▸ DATASET EXTRACT:
----------

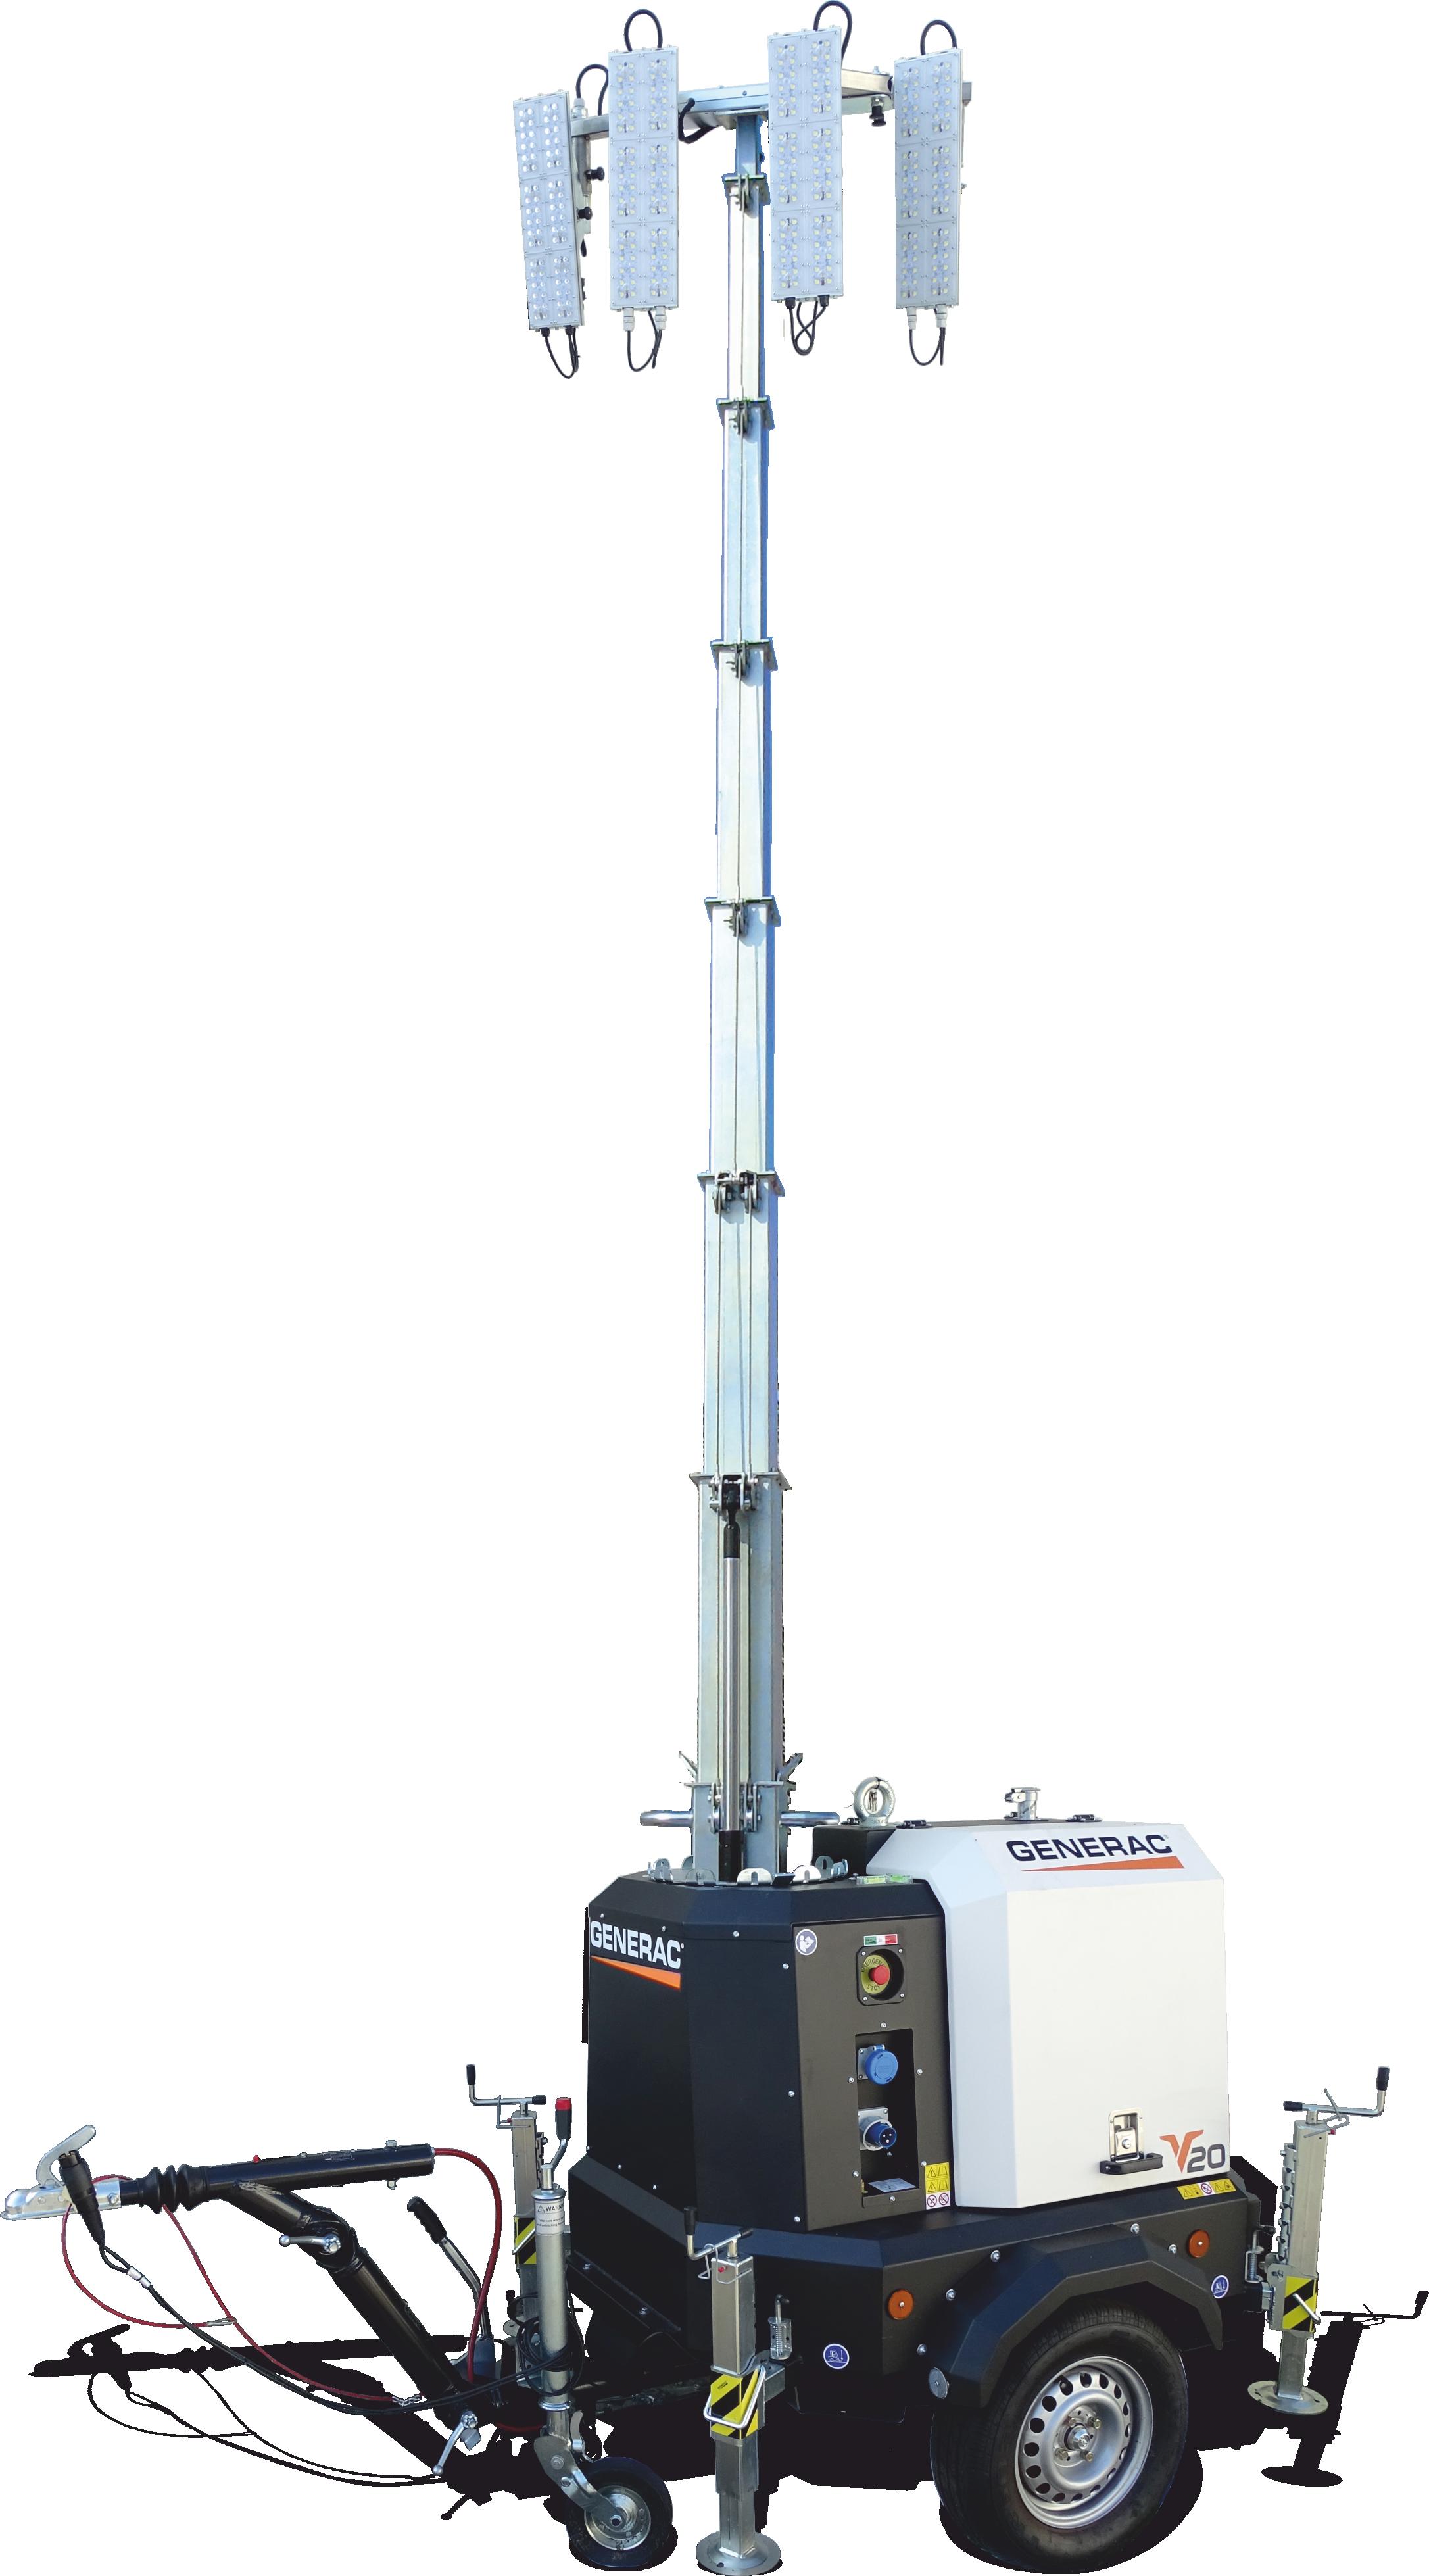 Zmiany w BM-Rent Generatory Prądotwórcze & Maszty Oświetleniowe
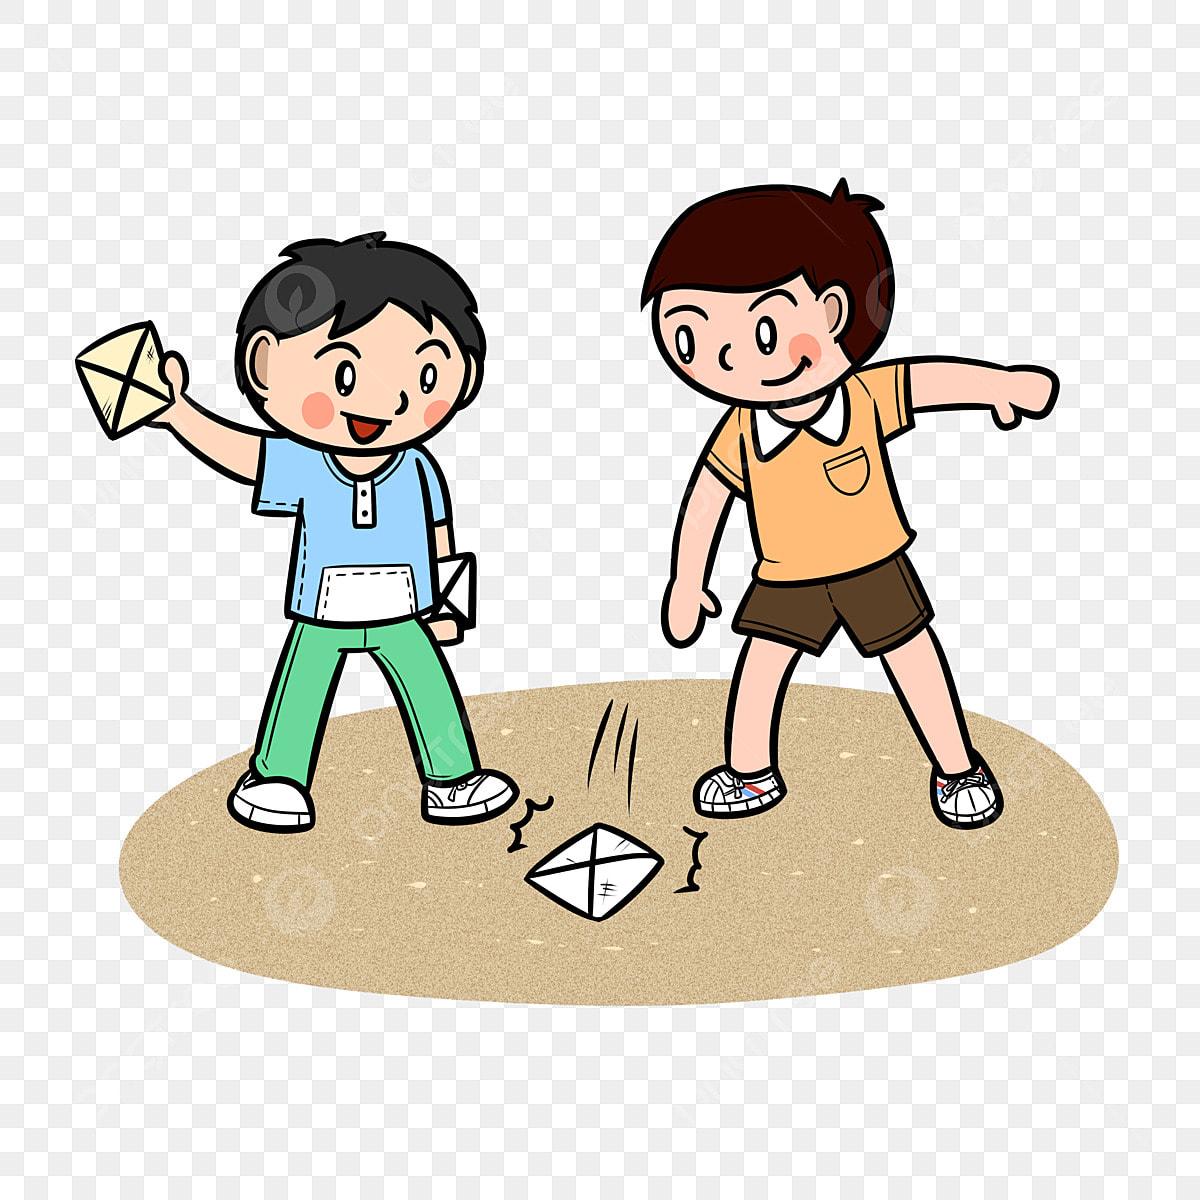 الكرتون يوم الطفل ذكريات الطفولة الأطفال ذكريات الطفولة تلعب كارتون الطفولة Png وملف Psd للتحميل مجانا
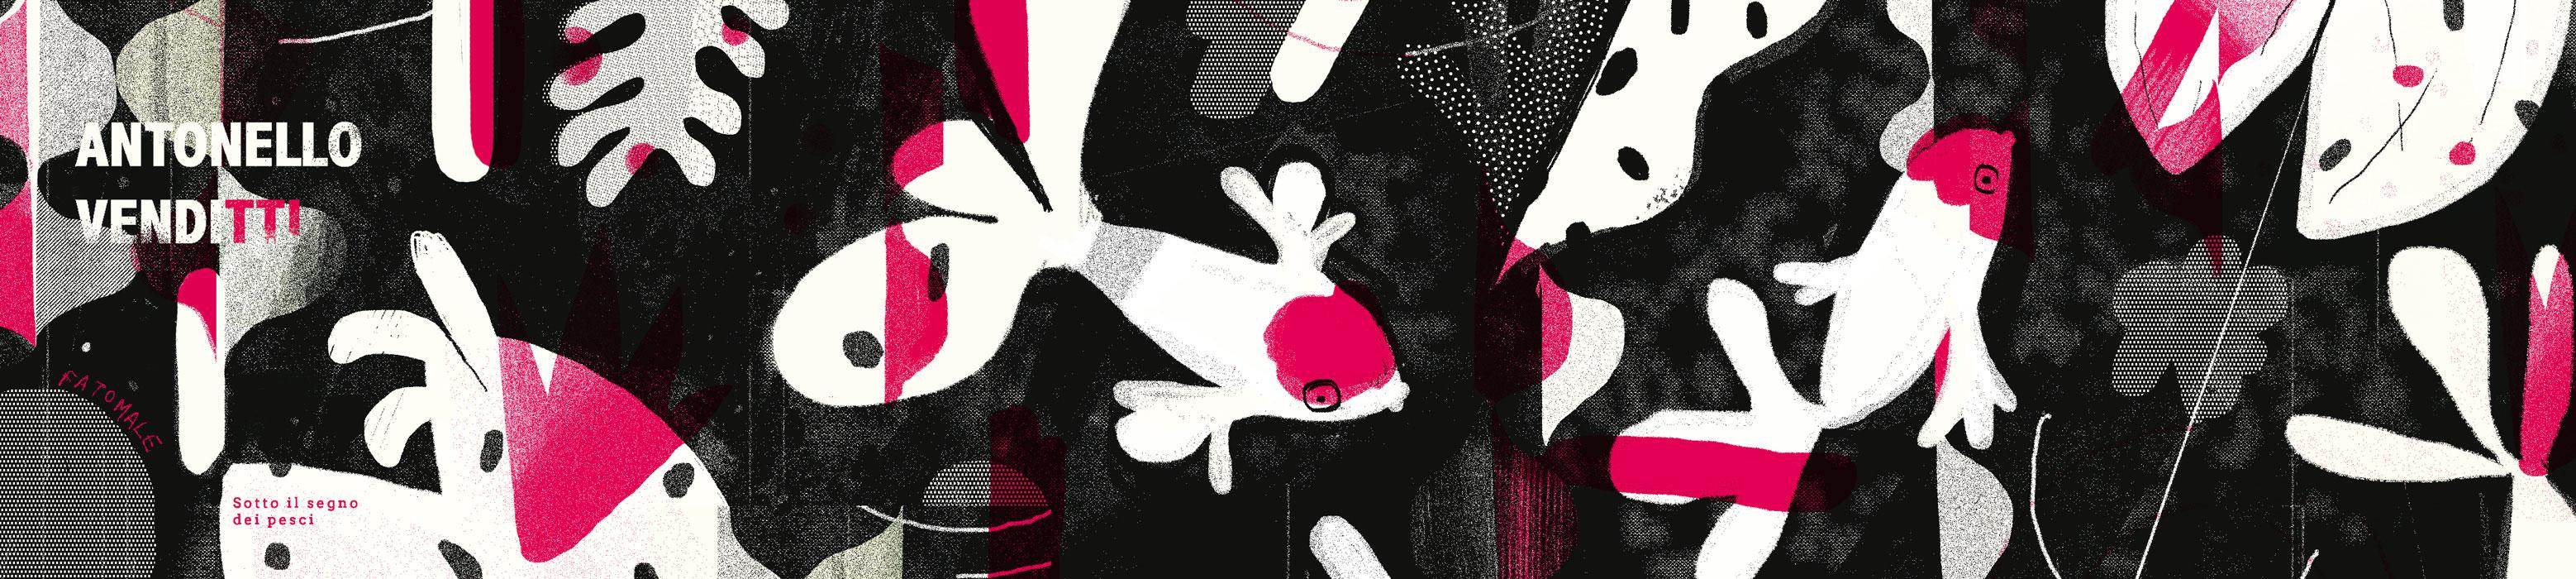 Antonello Venditti - Sotto Il Segno Dei Pesci (Fatomale)
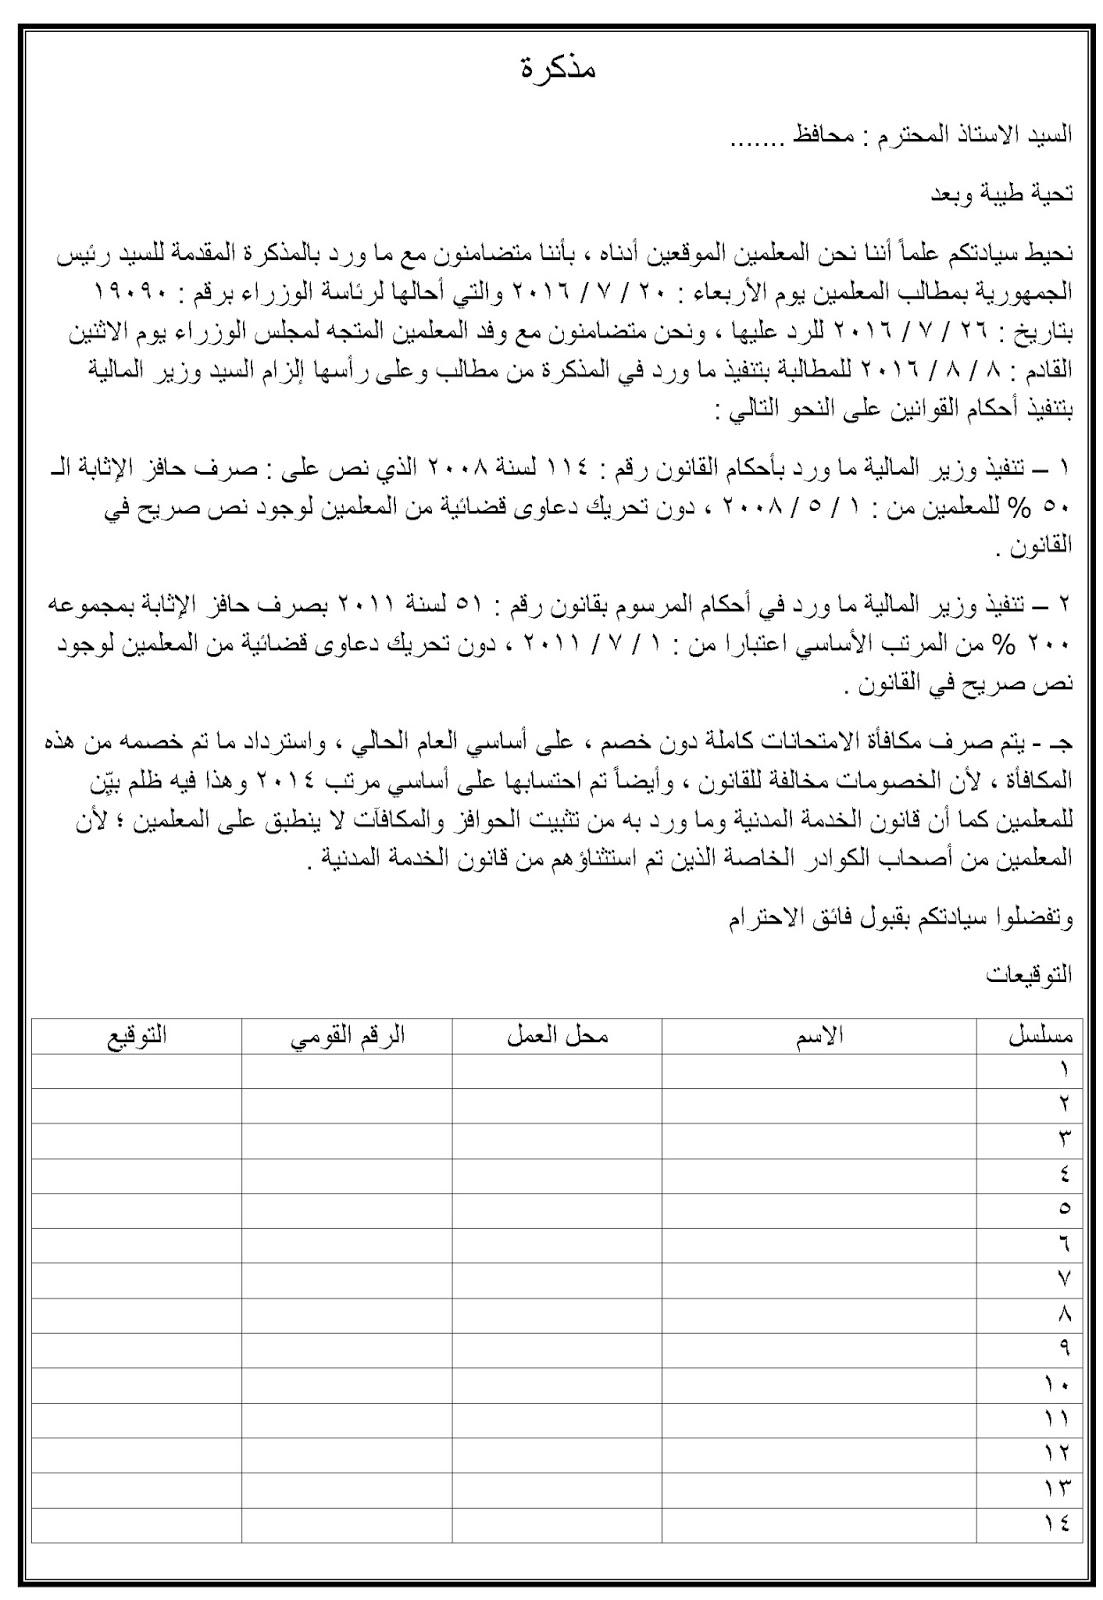 زهران : يوم 8 / 8 / 2016 هو يوم المعلمين للمطالبة بحقوقهم تابع التفاصيل وحمل المذكرة

----------

Everything in the data must be printed verbatim except the pictures.

 Zmiany w BM-Rent Generatory Prądotwórcze & Maszty Oświetleniowe
 الكرتون يوم الطفل ذكريات الطفولة الأطفال ذكريات الطفولة تلعب كارتون الطفولة Png وملف Psd للتحميل مجانا
 Antonello Venditti - Sotto Il Segno Dei Pesci (Fatomale)
 زهران : يوم 8 / 8 / 2016 هو يوم المعلمين للمطالبة بحقوقهم تابع التفاصيل وحمل المذكرة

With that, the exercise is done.